When people say they want to "see the real Morocco," what they almost always mean is the medina. The word simply means "city" in Arabic, but in practice it refers to the original walled old town — the part that existed long before cars, grids or boulevards. Marrakech, Fes, Meknes, Tetouan and dozens of smaller towns each grew up inside ramparts of rammed earth, with gates that were once locked at night. Everything outside the walls — the wide avenues, the cafés, the train station — is the ville nouvelle, built during the French Protectorate in the early 20th century.
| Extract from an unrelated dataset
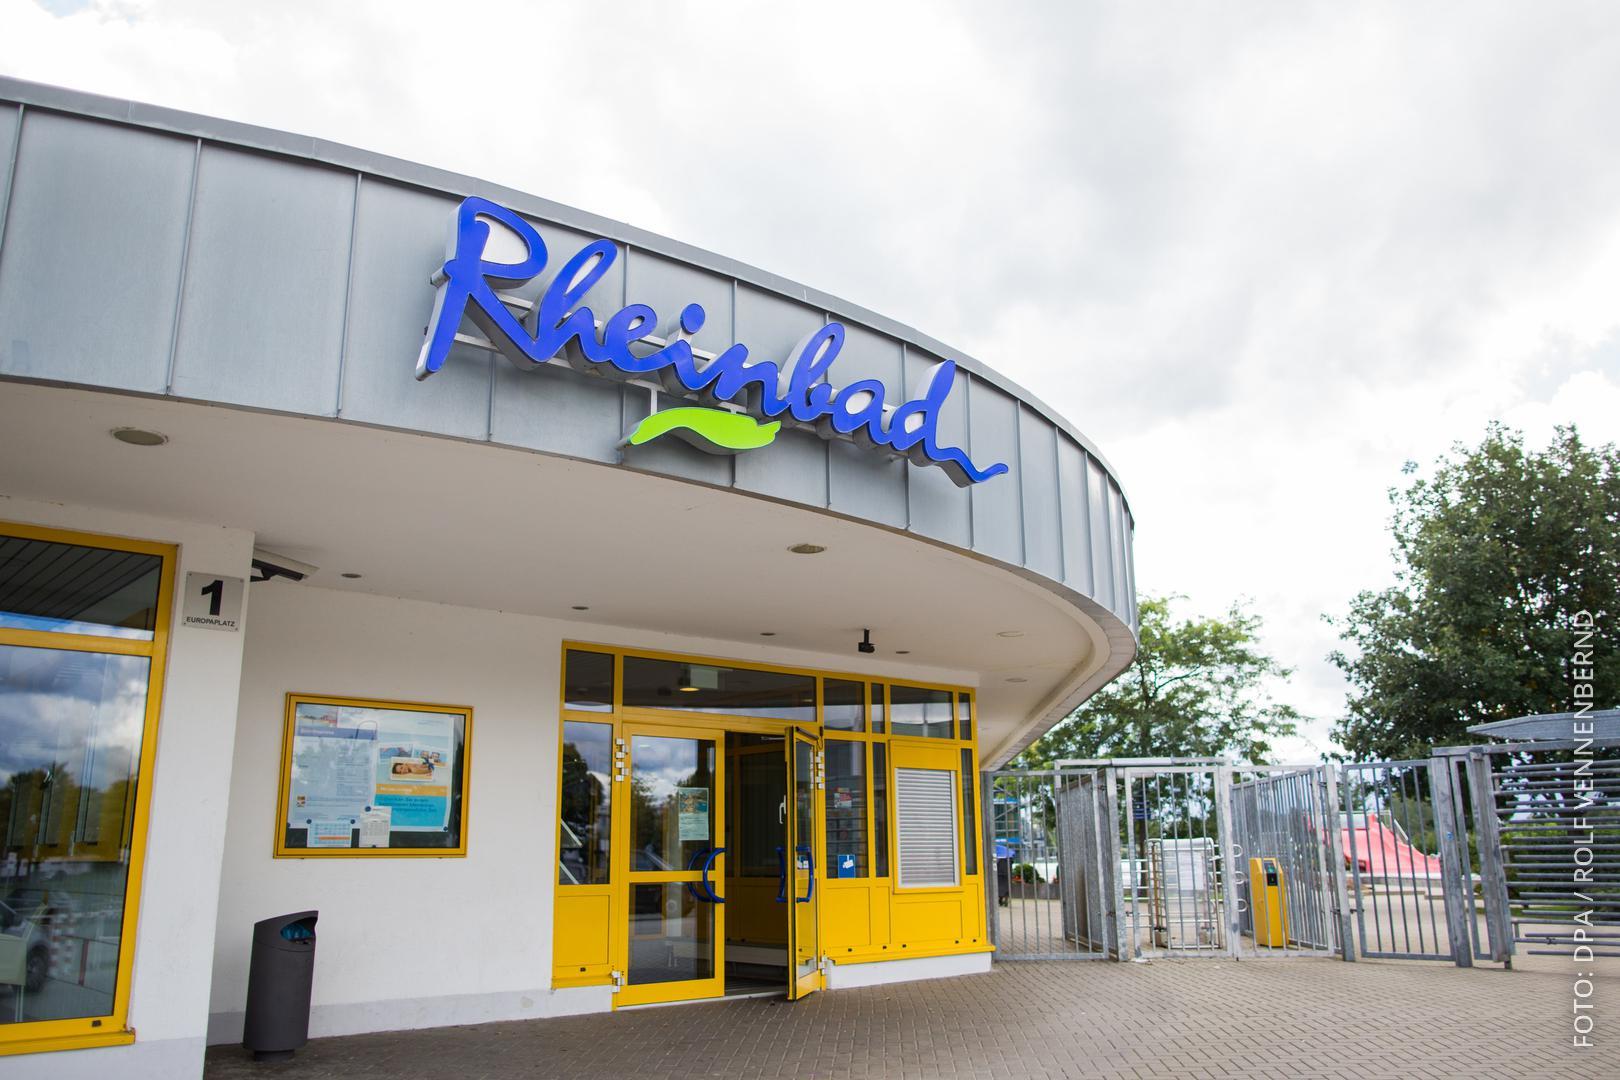 Der Eingang des Düsseldorfer Rheinbads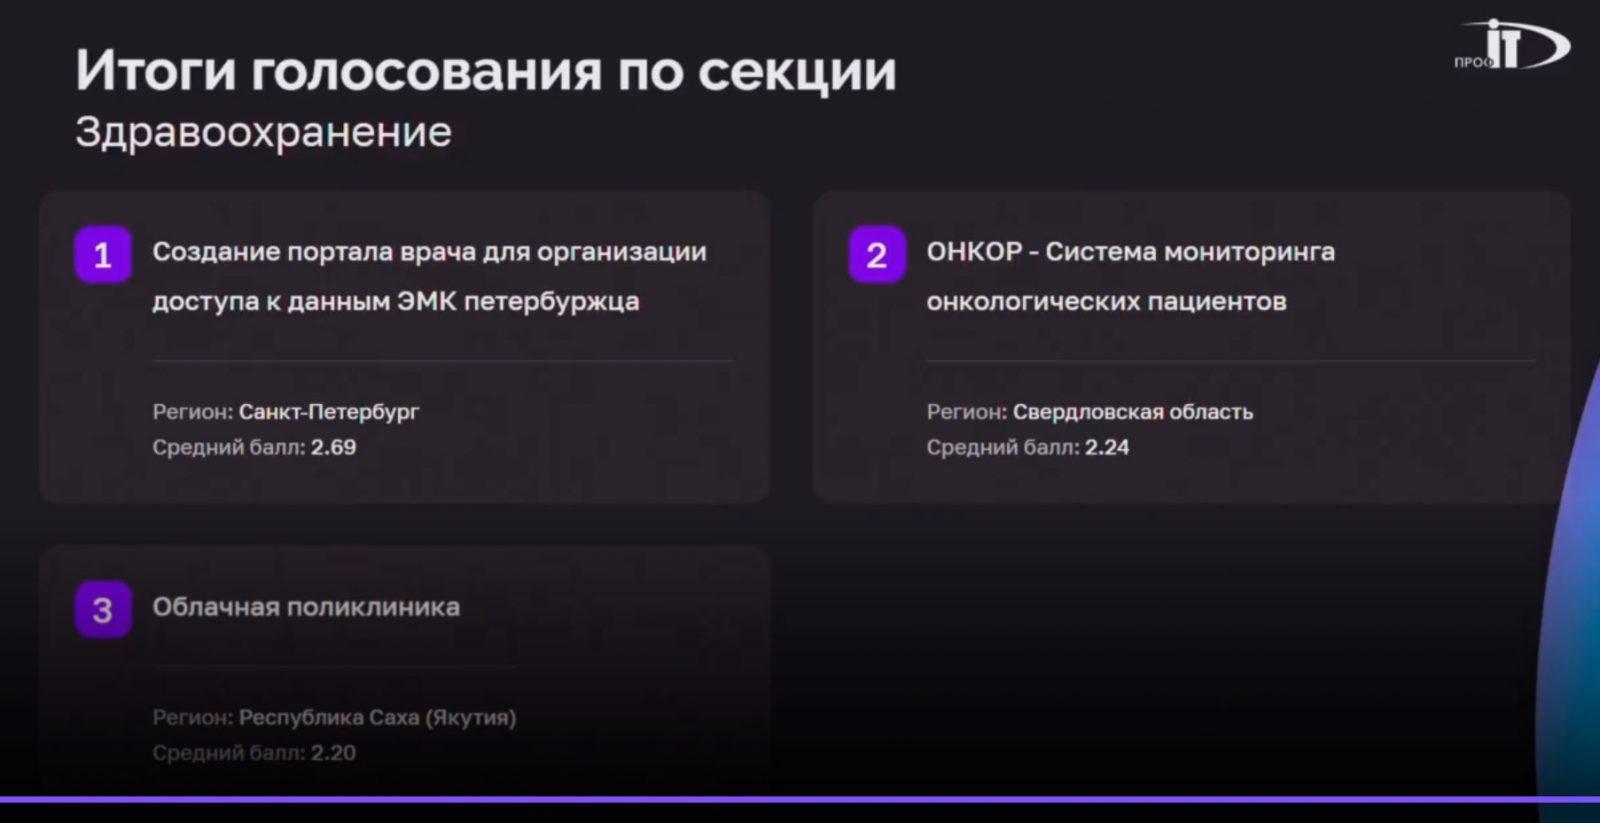 Санкт-Петербург победил в номинации «Здравоохранение» конкурса IT-проектов форума «ПРОФ-IT.2021»

Stepping through a medina gate is a genuine shift in tempo. The lanes are too narrow for cars, so you move on foot among handcarts, mopeds, donkeys and porters. There is no obvious grid; streets curve, fork and dead-end by design, partly for shade and defence, partly because the city grew organically over a thousand years. The first hour can feel disorienting — that is normal, and part of the experience. I always tell guests to relax into being a little lost, because the medina is best understood by wandering rather than navigating.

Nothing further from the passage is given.